You may have noticed that quite a lot of people are talking of and asking for more interoperability and cooperation between frameworks. It seems some PHP developers finally got tired of reinventing the wheel. That is great news. One way to provide this interoperability is through shared interfaces. The two main candidates there in my opinion are logging and caching. Two boring things that should just work, and where you always need tons of flexibility and tons of different backends, drivers, or whatever you want to call those. Almost every major framework and CMS out there have their own implementations of that stuff, yet none of them support all the options since there are too many.

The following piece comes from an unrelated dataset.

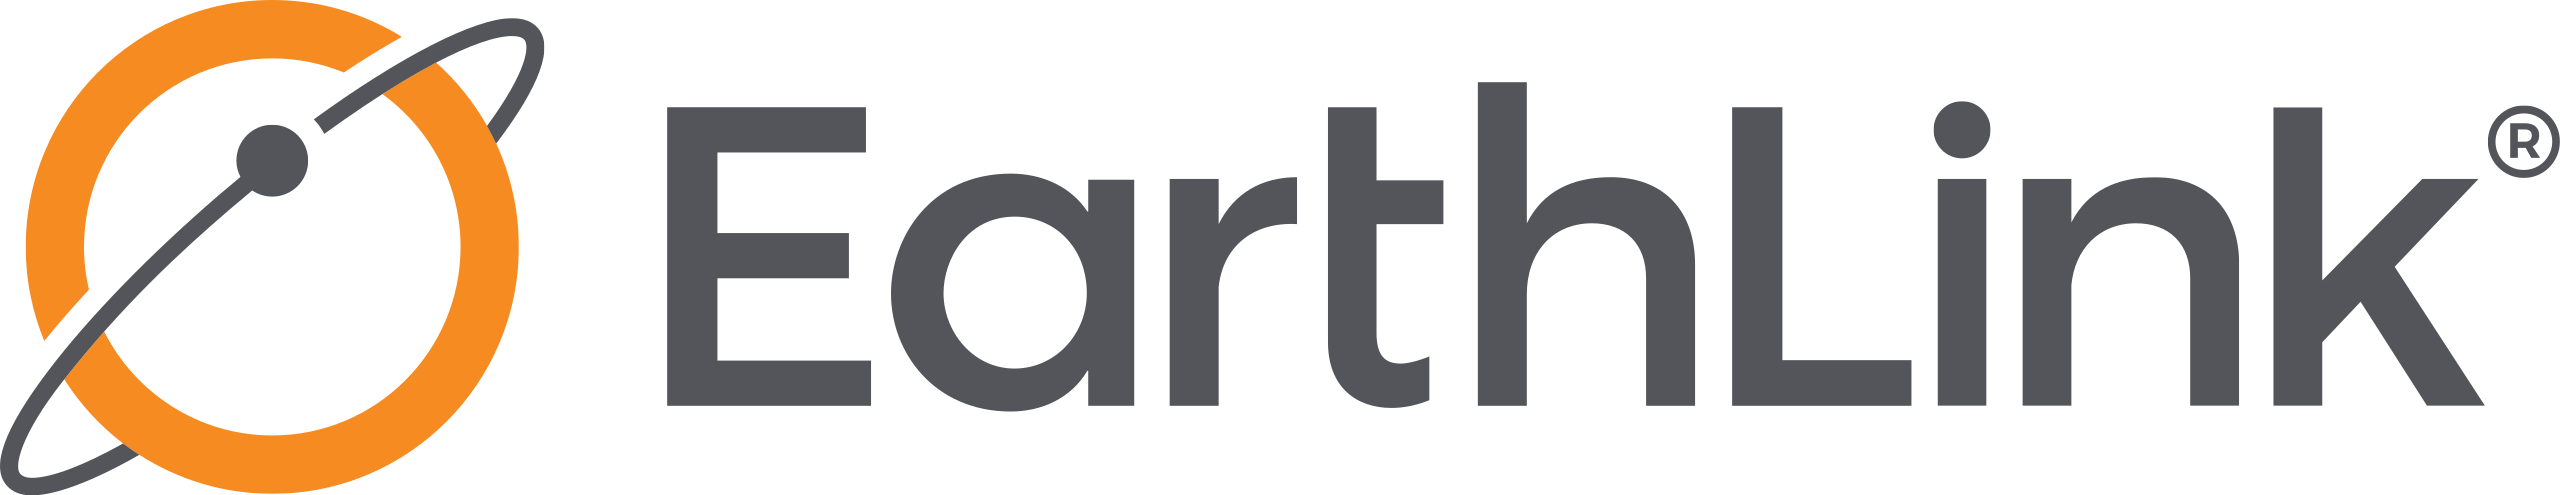 Earthlink_logo

The PHP Standards Group, an open mailing list discussing these interoperability questions has seen a recent proposal for a Cache Interface. One question raised was: How can those interfaces be distributed in each project that uses or implements them?

This is where I see Composer helping. Composer supports advanced relationships between packages, so to solve this issue you would need three parts (read carefully):

  • The psr/cache-interface package contains the interfaces, and requires a psr/cache virtual package.
  • Implementors of the interfaces (many libraries) all require the psr/cache-interface and also provide the psr/cache virtual package.
  • A framework that needs a cache library requires psr/cache-interface and hints the interface in its method signatures.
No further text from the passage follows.